Hello everyone. Lets say i created a reporting pip...
# questions
s
Hello everyone. Lets say i created a reporting pipeline in a notebook (pull data, compute cols, export excel/csv). I then packaged everything into a kedro project and everything is fine. Then the customer wants some alterations of the reports, new columns or something like that. How would i proceed to "develop" inside kedro? Transferring dirty notebook code into clean nodes is one thing, but how would i proceed to develop once everything is a node in a pipeline? In jupyter notebooks or regular py files i can run the code until some point and then alter my dataframes as i wish. How would i approach this in a kedro framework? I hope this makes sense ;)
d
I think I understand your question, and it's something I think practitioners commonly do, so you're not alone!
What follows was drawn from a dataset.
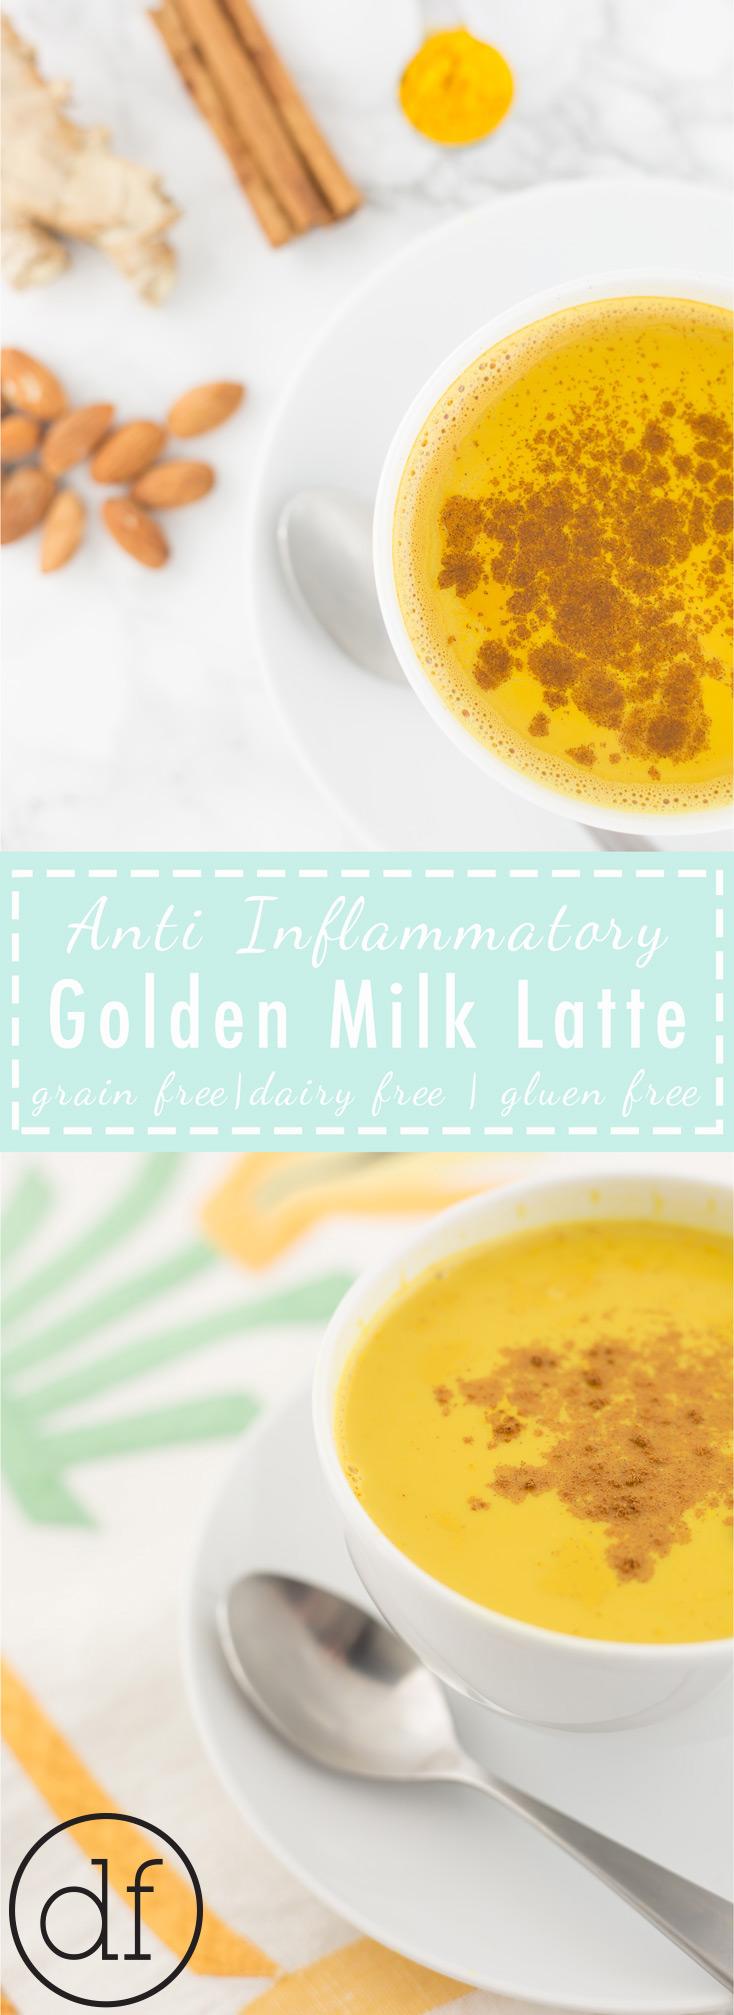 Golden Milk Latte, Anti Inflammatory, Turmeric Latte, Curcumin, Golden Milk Tea, paleo, Recipes, Easy, Simple, Bedtime Tea, Define Fettle, Health Coach
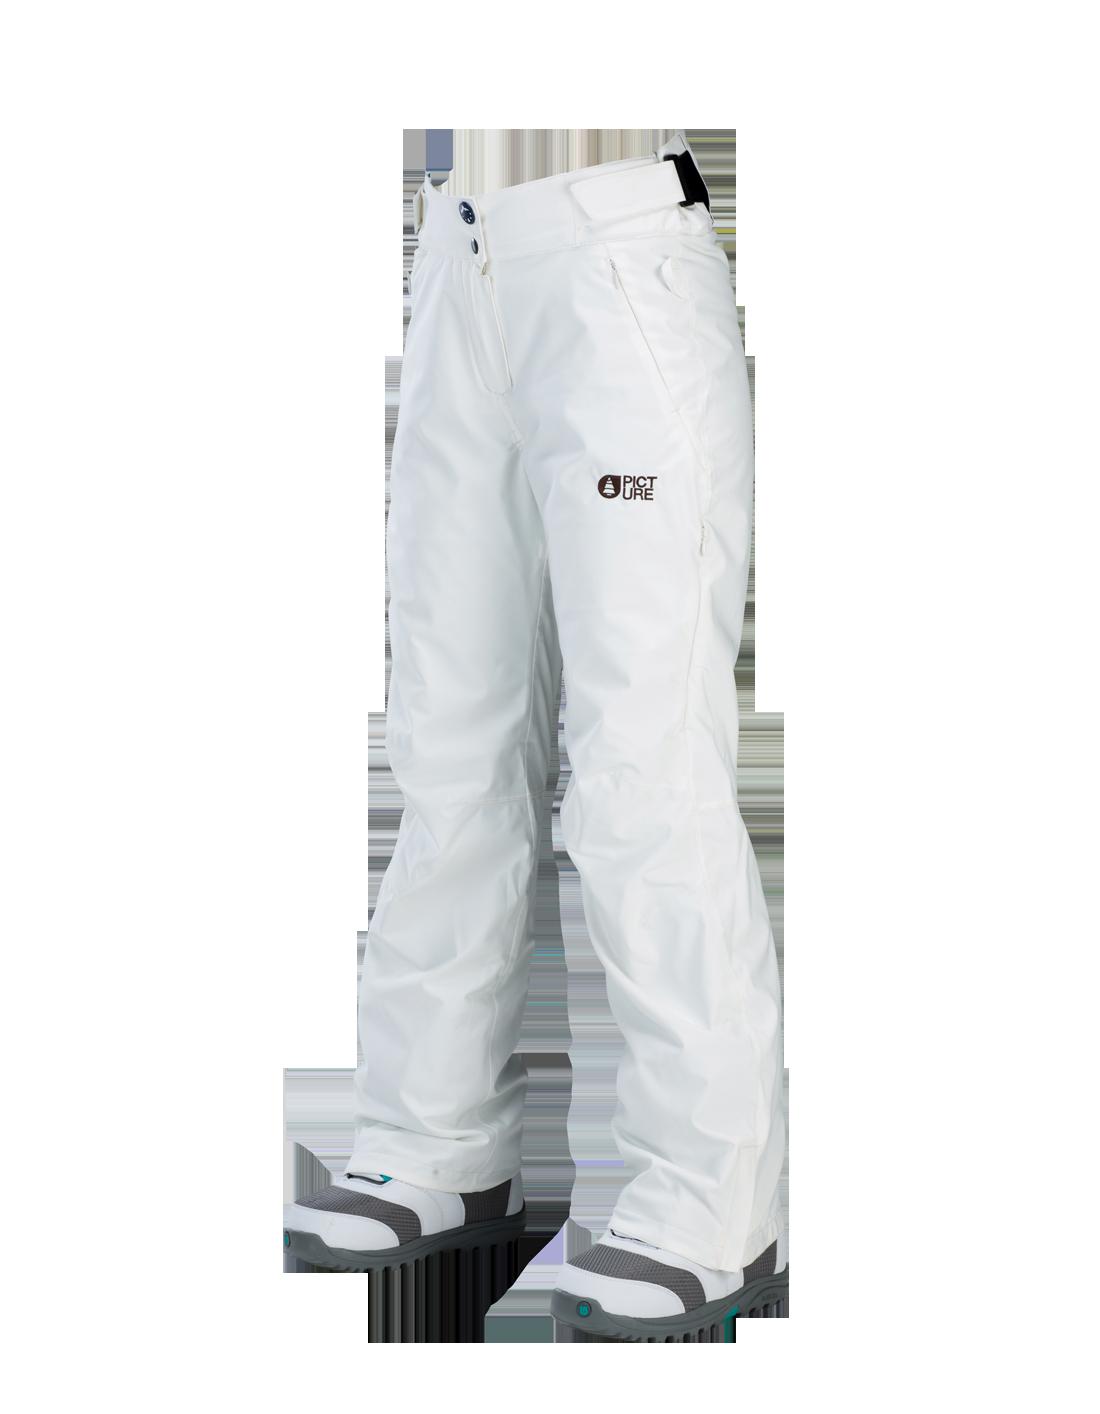 Купить Брюки сноубордические Picture Organic 2015-16 FLY pant White Одежда сноубордическая 1219664

Whether you run the pipeline from a notebook or somewhere else, if you've persisted the outputs in a physical catalog entry, you can construct the catalog and load the dataset and make ad-hoc modifications in a notebook (or explore the data). You can run up until a particular point using options like
to_nodes
or
to_outputs
on the run. If you want to run a pipeline without persisting the outputs, a pipeline run in a notebook using the Python API returns a dictionary of "free" outputs (i.e. the outputs that didn't get consumed by other nodes or written to a catalog entry). You can load the data directly from there, and write downstream code. Let me know if I've misunderstood your ask.
s
thanks for the reply. i will play around with this to grasp the workflow of this. however, on second sight i think that running a debugger with specified break points would be sufficient as well for these purposes?
d
Is that what you want? I feel like a debugger-based workflow is very much a dev/debugging experience; on the other hand, you can mix the flexibility of running pipelines + using results in a notebook in an interactive stakeholder demo (for example), and it still looks "clean".